→ **PROBLEM DESCRIPTION**: Return each line of the listing exactly, though without its images.

→ **MATERIAL PROVIDED**:
* * * * * * *
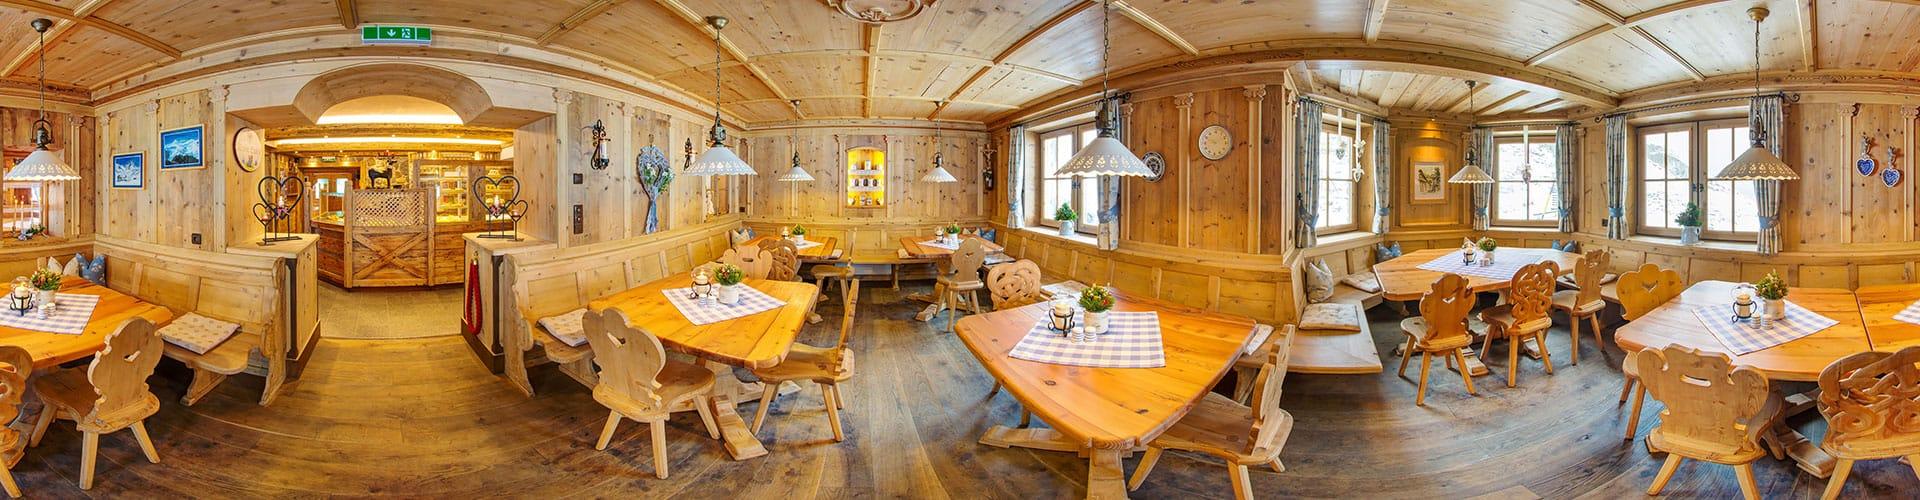 Dresdner Hütte im Staubaital/Tirol auf 2308m Seehöhe
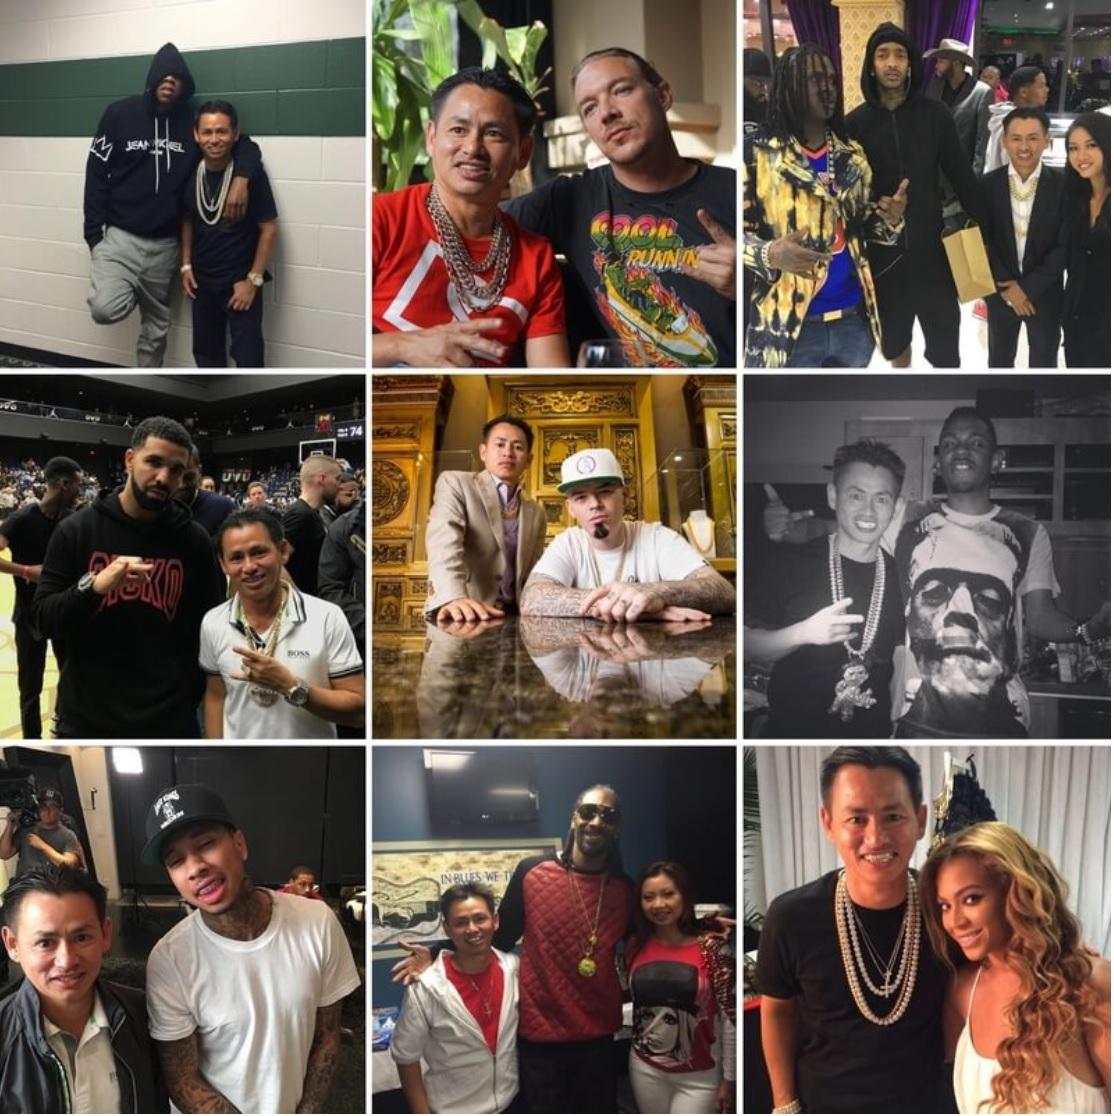 Tên tuổi những ngôi sao chọn Johnny Đặng đủ để nói lên tầm ảnh hưởng lớn của ông trong giới nghệ sĩ, đặc biệt là rapper. Nguồn ảnh: Internet
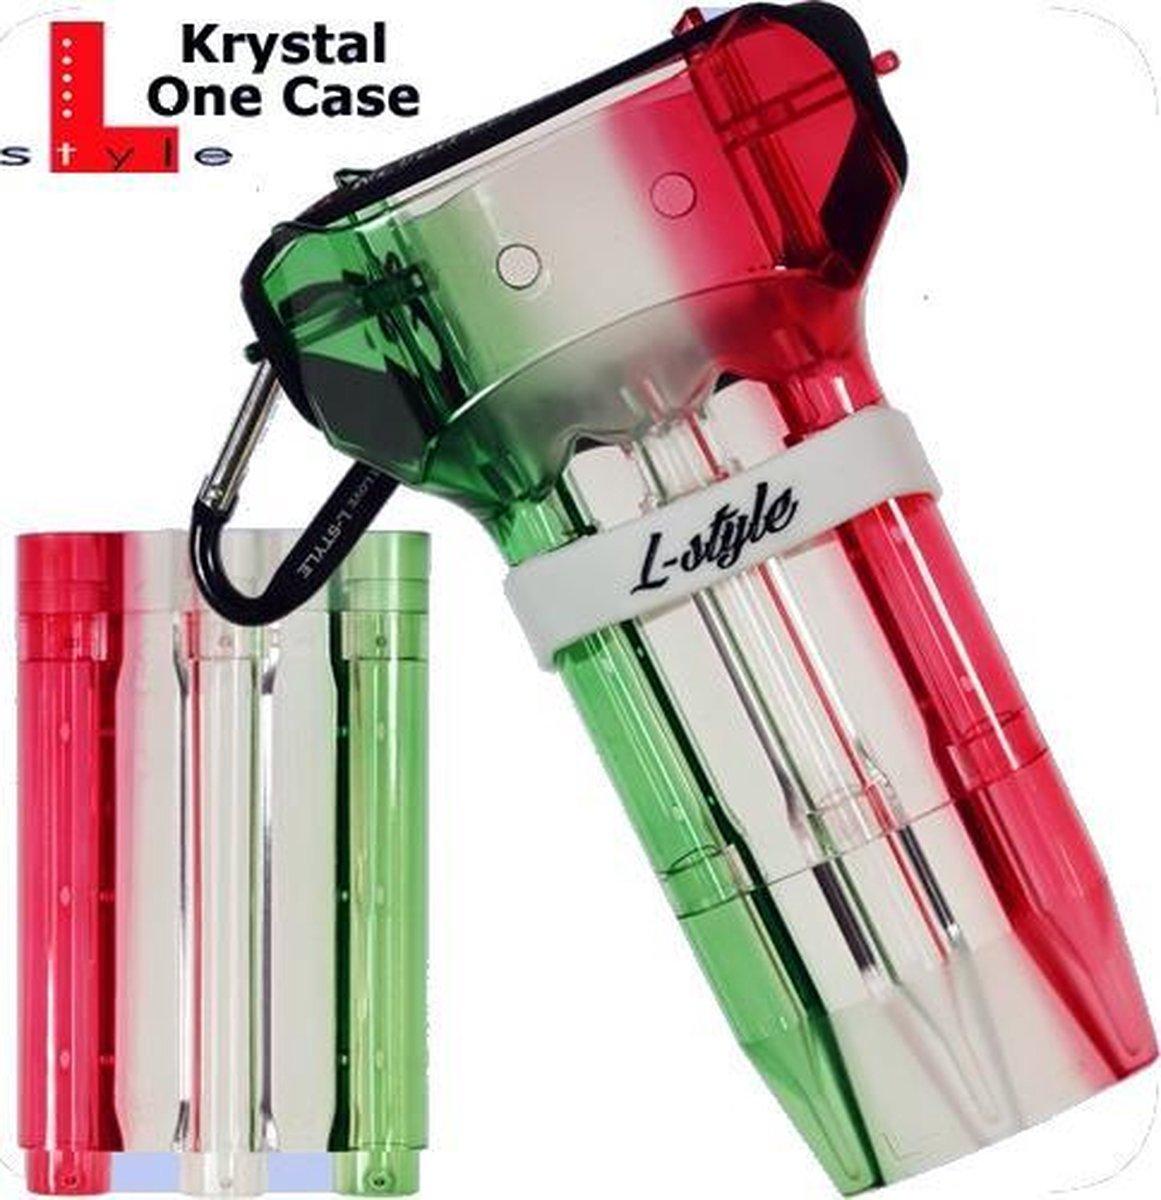 L-Style Krystal One N9 Tri Color Suika
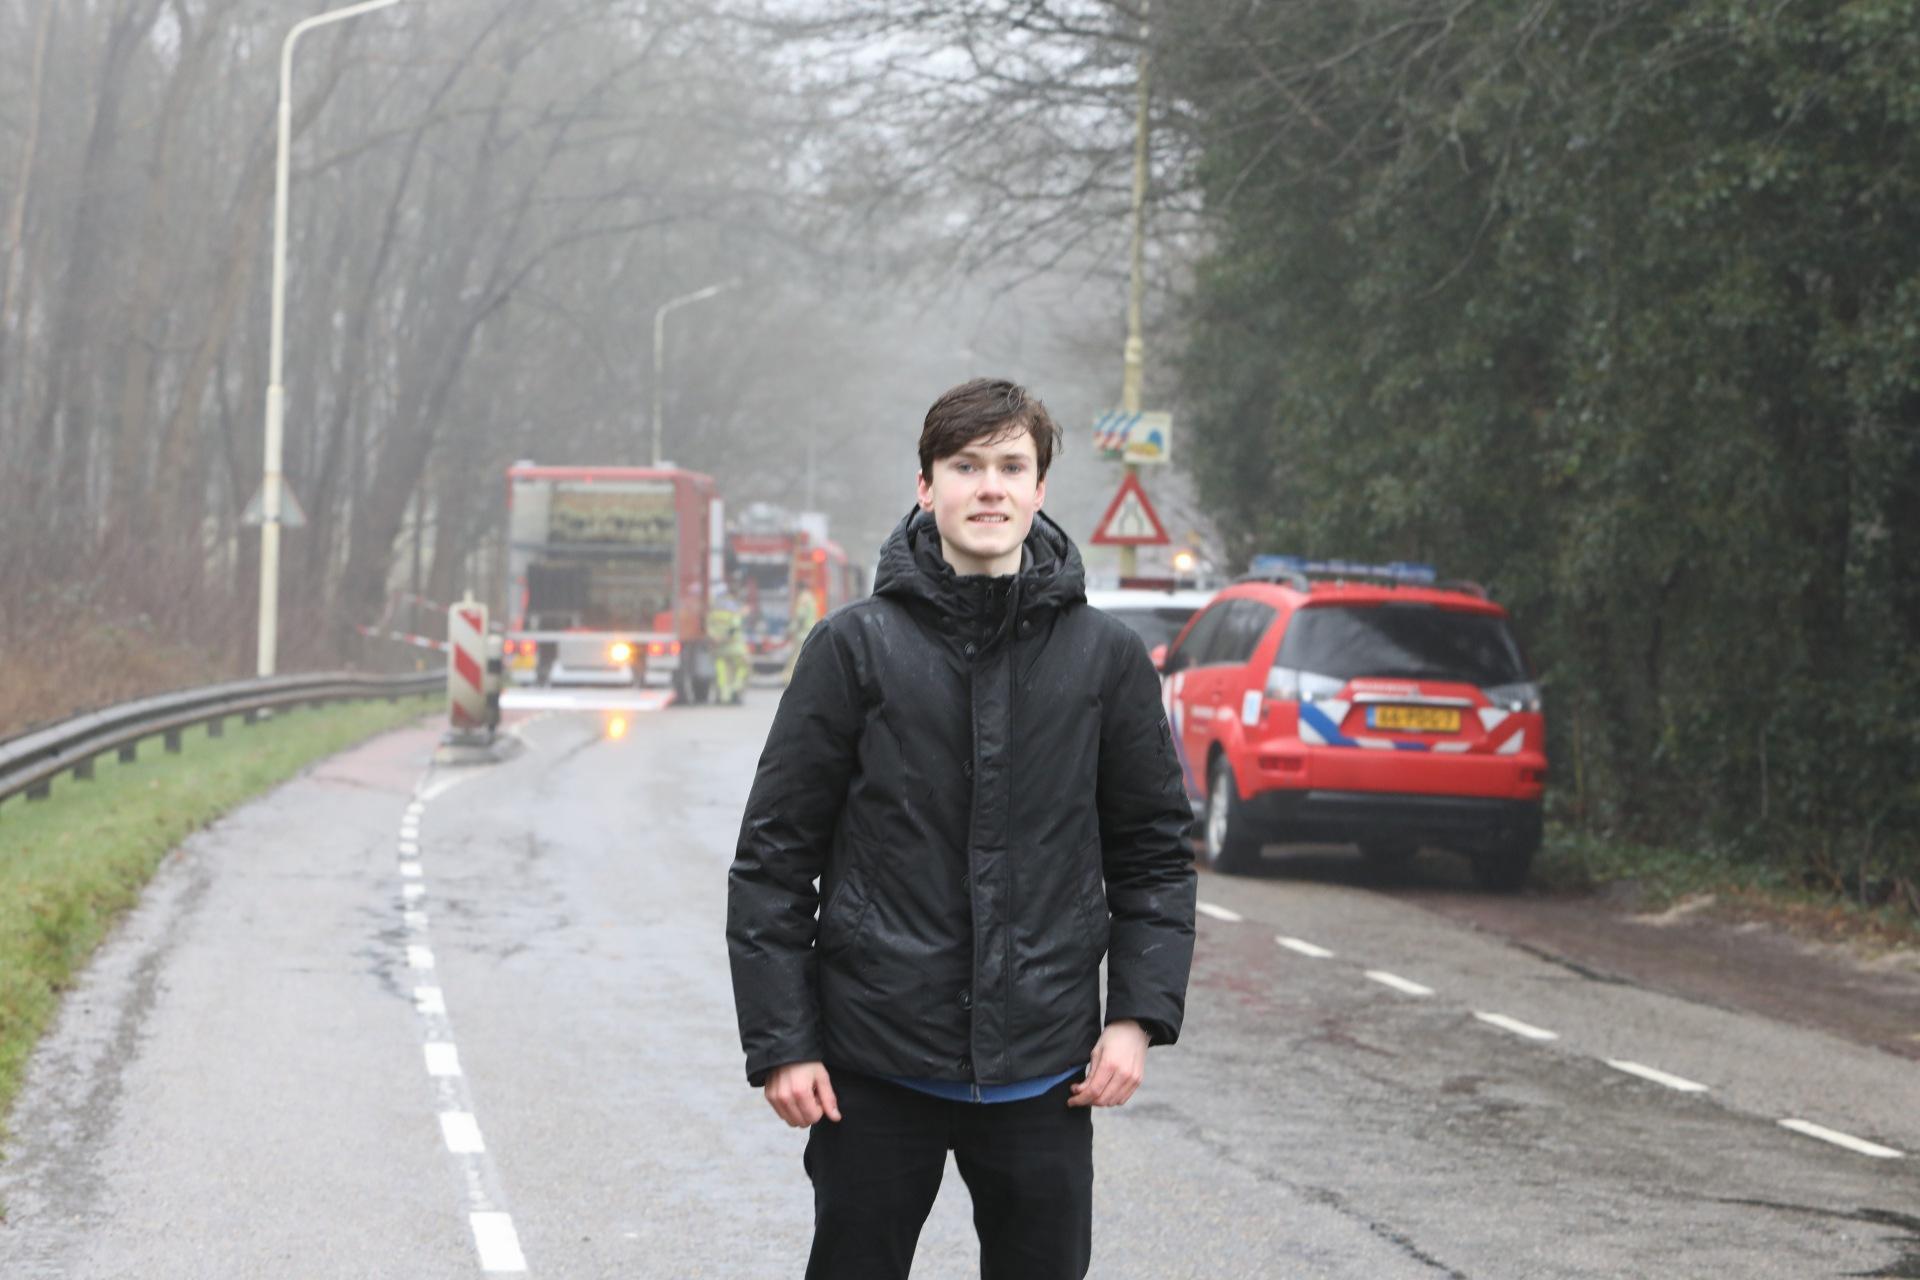 Larense scholier (16) voorkomt villabrand in Laren; Alleen veranda verwoest. Politie doet onderzoek naar vondst gevaarlijke stoffen
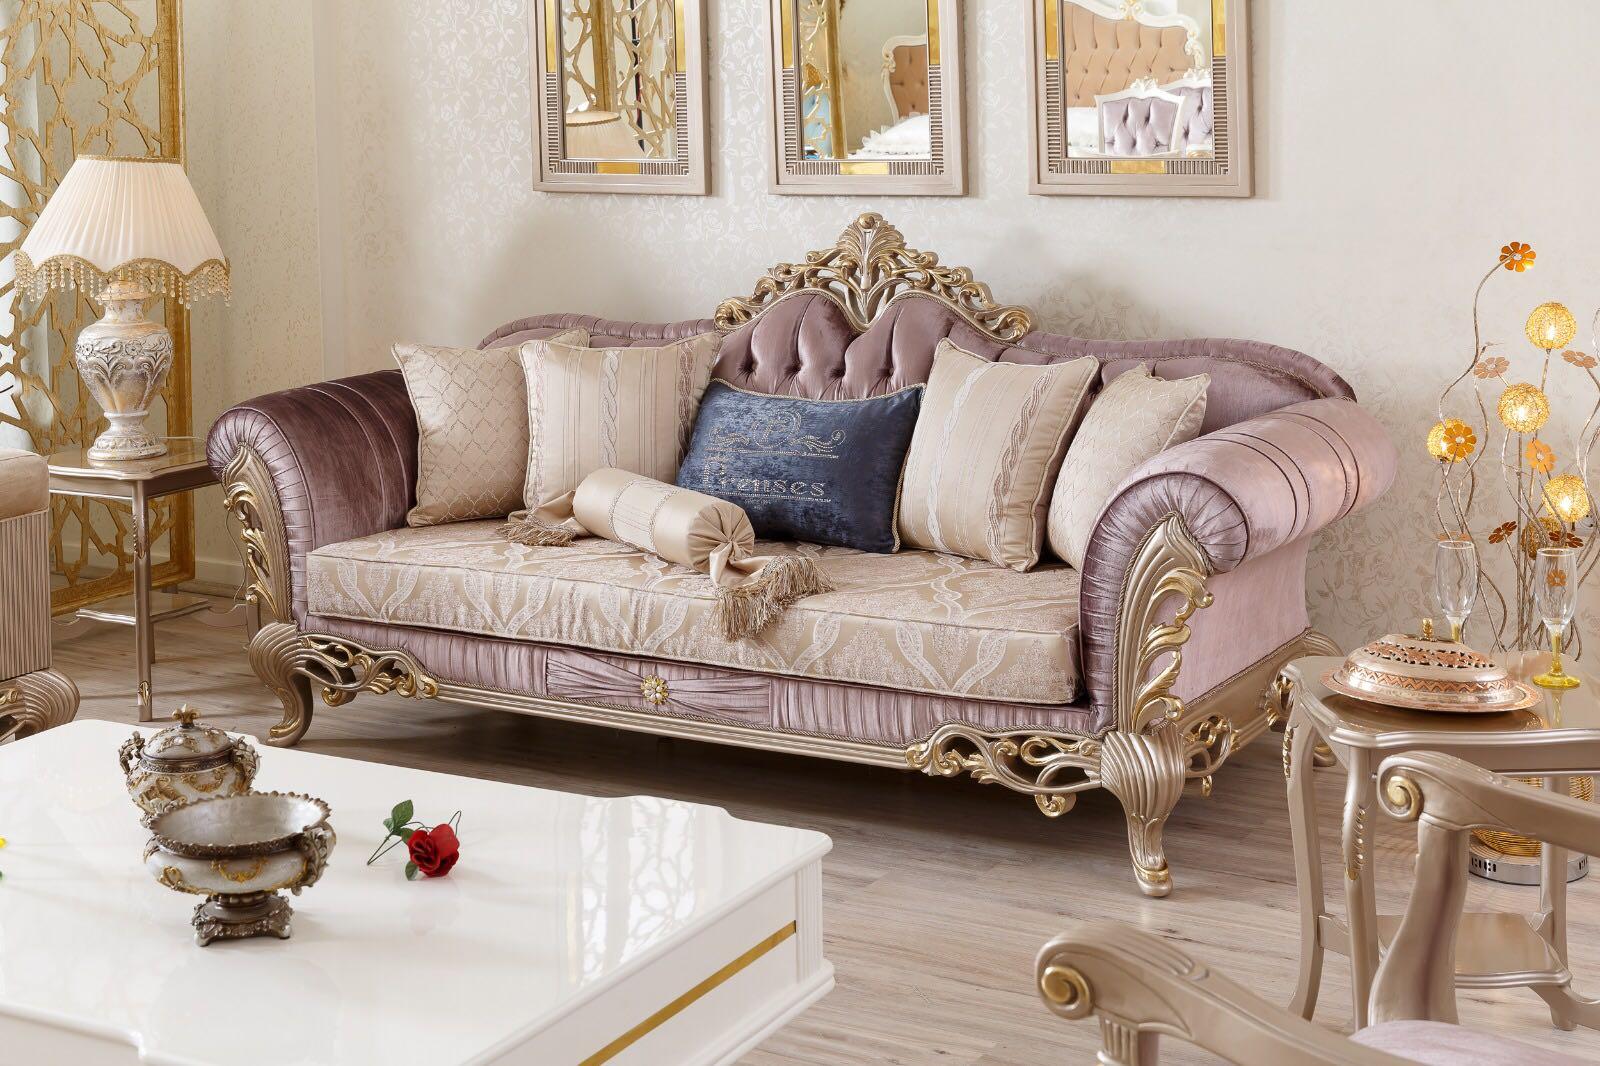 Диван в дворцовом стиле с каретной стяжкой сиреневого цвета
* * * * * * *
→ **WRITTEN SOLUTION**:
 Dresdner Hütte im Staubaital/Tirol auf 2308m Seehöhe
 Tên tuổi những ngôi sao chọn Johnny Đặng đủ để nói lên tầm ảnh hưởng lớn của ông trong giới nghệ sĩ, đặc biệt là rapper. Nguồn ảnh: Internet
 L-Style Krystal One N9 Tri Color Suika
 Larense scholier (16) voorkomt villabrand in Laren; Alleen veranda verwoest. Politie doet onderzoek naar vondst gevaarlijke stoffen
 Диван в дворцовом стиле с каретной стяжкой сиреневого цвета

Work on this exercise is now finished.